Data items:
☆ ☆ ☆ ☆ ☆
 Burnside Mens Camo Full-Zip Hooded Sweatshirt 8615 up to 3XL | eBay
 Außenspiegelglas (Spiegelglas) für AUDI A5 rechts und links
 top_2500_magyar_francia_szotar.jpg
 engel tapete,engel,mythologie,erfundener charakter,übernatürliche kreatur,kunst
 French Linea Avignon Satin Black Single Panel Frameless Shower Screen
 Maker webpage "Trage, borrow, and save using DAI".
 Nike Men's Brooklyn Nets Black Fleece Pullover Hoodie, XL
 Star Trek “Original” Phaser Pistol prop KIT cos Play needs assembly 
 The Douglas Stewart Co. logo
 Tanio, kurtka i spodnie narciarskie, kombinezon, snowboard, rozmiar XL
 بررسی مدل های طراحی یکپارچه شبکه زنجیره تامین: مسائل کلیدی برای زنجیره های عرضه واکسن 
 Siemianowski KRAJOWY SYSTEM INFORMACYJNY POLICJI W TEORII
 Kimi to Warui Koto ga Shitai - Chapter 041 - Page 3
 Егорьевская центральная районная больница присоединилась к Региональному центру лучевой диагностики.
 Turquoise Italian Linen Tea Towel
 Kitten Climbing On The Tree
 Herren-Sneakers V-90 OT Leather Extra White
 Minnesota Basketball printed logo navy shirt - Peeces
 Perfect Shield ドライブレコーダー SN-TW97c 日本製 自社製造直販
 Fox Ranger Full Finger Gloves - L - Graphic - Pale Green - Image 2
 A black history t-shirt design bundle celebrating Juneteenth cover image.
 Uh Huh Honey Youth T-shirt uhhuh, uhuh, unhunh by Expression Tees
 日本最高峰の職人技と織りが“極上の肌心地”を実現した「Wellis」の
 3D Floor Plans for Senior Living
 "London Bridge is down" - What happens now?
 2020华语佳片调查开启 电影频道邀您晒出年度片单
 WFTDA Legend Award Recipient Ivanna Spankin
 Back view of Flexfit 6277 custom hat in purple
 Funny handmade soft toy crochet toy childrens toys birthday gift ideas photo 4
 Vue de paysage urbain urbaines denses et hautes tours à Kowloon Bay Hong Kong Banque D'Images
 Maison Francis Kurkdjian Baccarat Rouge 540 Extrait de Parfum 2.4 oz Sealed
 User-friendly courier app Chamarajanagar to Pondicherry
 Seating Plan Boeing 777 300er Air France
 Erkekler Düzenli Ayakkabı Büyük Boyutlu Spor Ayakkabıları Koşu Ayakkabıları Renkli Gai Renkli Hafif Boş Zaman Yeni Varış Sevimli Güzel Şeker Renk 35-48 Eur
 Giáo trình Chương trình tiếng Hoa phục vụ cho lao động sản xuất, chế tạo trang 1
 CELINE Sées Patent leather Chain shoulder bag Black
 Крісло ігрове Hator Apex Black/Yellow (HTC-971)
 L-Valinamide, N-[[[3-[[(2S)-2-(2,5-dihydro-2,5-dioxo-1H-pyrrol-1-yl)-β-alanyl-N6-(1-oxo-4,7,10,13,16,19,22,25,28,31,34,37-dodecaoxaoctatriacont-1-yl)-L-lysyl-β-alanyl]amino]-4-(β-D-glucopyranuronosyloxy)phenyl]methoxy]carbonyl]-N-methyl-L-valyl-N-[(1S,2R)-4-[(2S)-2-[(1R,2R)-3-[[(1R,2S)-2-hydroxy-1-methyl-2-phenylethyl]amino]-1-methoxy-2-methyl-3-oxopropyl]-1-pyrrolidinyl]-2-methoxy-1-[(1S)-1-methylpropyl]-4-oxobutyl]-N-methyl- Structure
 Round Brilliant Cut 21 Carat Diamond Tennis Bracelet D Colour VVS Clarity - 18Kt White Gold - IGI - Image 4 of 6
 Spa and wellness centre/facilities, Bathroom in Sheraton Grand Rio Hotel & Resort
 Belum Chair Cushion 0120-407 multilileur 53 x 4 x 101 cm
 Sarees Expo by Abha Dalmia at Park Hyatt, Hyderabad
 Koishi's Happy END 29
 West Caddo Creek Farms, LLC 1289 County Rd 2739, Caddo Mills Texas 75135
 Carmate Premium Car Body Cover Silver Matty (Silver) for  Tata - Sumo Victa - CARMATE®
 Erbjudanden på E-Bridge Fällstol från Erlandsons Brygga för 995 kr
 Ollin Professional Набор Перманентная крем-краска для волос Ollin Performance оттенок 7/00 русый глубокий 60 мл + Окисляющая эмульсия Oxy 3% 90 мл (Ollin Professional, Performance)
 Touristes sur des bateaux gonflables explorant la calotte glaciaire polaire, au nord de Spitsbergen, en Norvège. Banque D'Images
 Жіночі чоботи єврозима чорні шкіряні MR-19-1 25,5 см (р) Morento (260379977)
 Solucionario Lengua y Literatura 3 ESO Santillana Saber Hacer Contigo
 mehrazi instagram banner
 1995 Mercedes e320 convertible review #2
☆ ☆ ☆ ☆ ☆
* Directions for this task *
Which lines in the records above contain the string "Bridge"? Copy each one.

* Exercise solution *
 "London Bridge is down" - What happens now?
 Erbjudanden på E-Bridge Fällstol från Erlandsons Brygga för 995 kr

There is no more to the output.